Monday, February 22, 2016

Some Rubricy Details for the Text Mining/Data Visualization Assignment

The core of this assignment is that you engage in text mining or data visualization tools, such as those at Voyant Tools that we used in the Frank Norris project.

First, you are to strip down the text files for your assigned range of issues of IF: Worlds of Science Fiction. These files should be uploaded to our class Google Drive (DH) so all students can access the entire corpus. Then, based on your reading, (at least one issue of the magazine's run) you will design a text mining or data visualization project using this corpus. This project can take many forms, but should be justified based on your reading. I suggest building word lists based on themes you discover through reading or based on the time period you are exploring.

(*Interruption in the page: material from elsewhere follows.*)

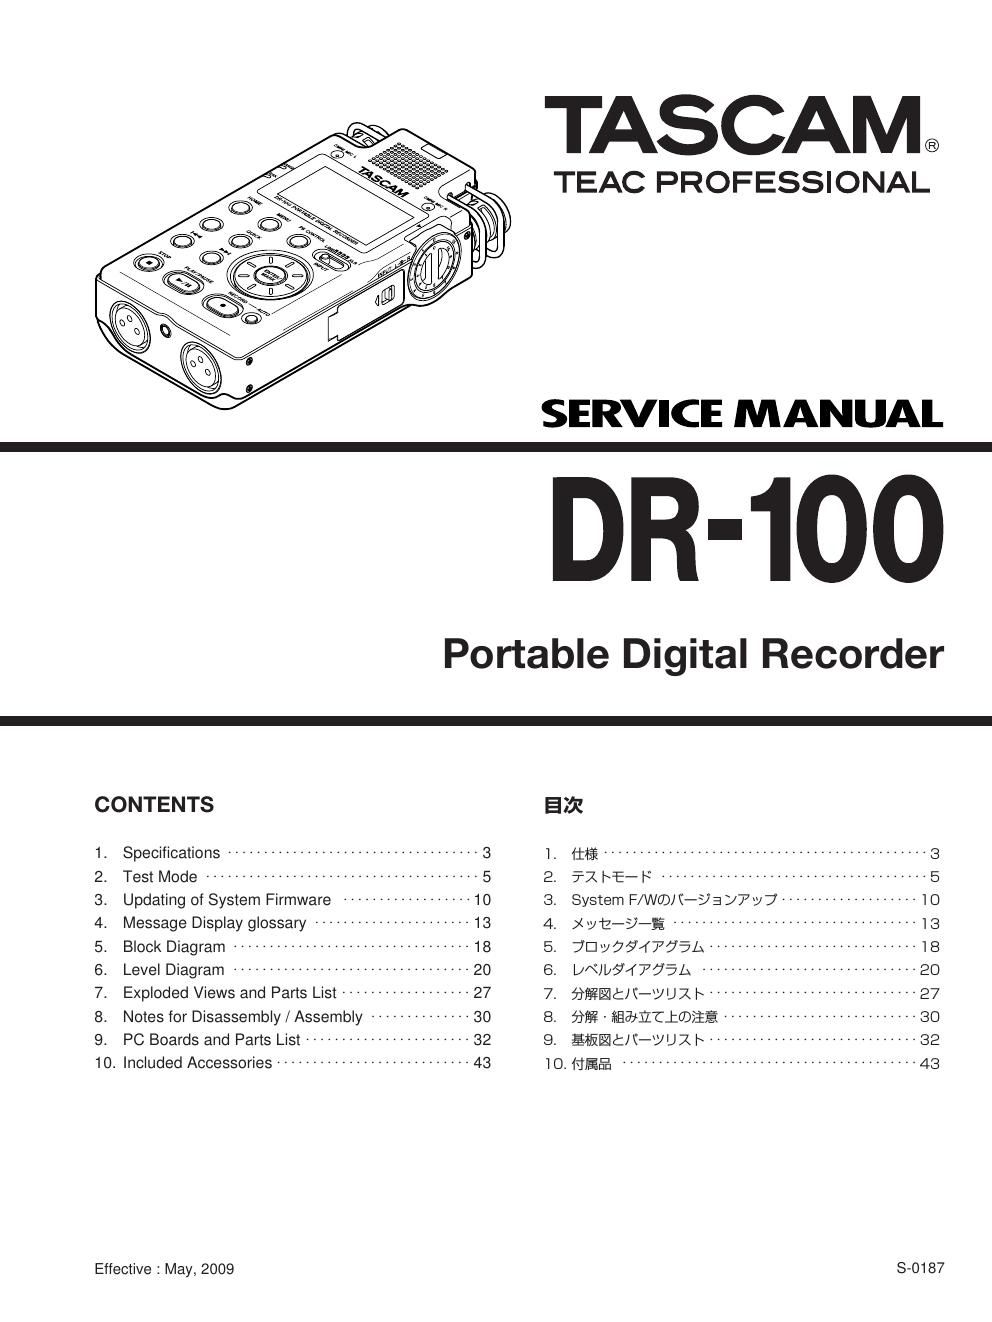 Tascam DR 100 Service Manual

How you use the tools is up to you. While I do want to see a project that attempts to explore several key ideas, (don't just generate a single word cloud and be done) these ideas could cut across several smaller explorations, or encompass a single, larger one. Remember that projects are not definitive. You are also not meant to be masters of the technology or the material--there will be questions raised, and results that do not fit in with your expectations. Be prepared to fail, but keep in mind that failures are part of humanities, especially the digital humanities. Fail well.

You are to blog about this project and should include the following:

    -Description of your process and the thinking that led to its development.

    -Description of your results and your interpretation. How much more information might you need? How could this process or project be improved moving forward? What did you learn about the literature and the process?

    -Description of challenges you faced, and how that may change what you try if you had a future project. What might other students behind you need to know to build on your work?

   -What is the value of such examinations? What can we learn about literature? Are there limitations that simply cannot be overcome?

I would love to see some examples included in your blog--sample data or visualizations.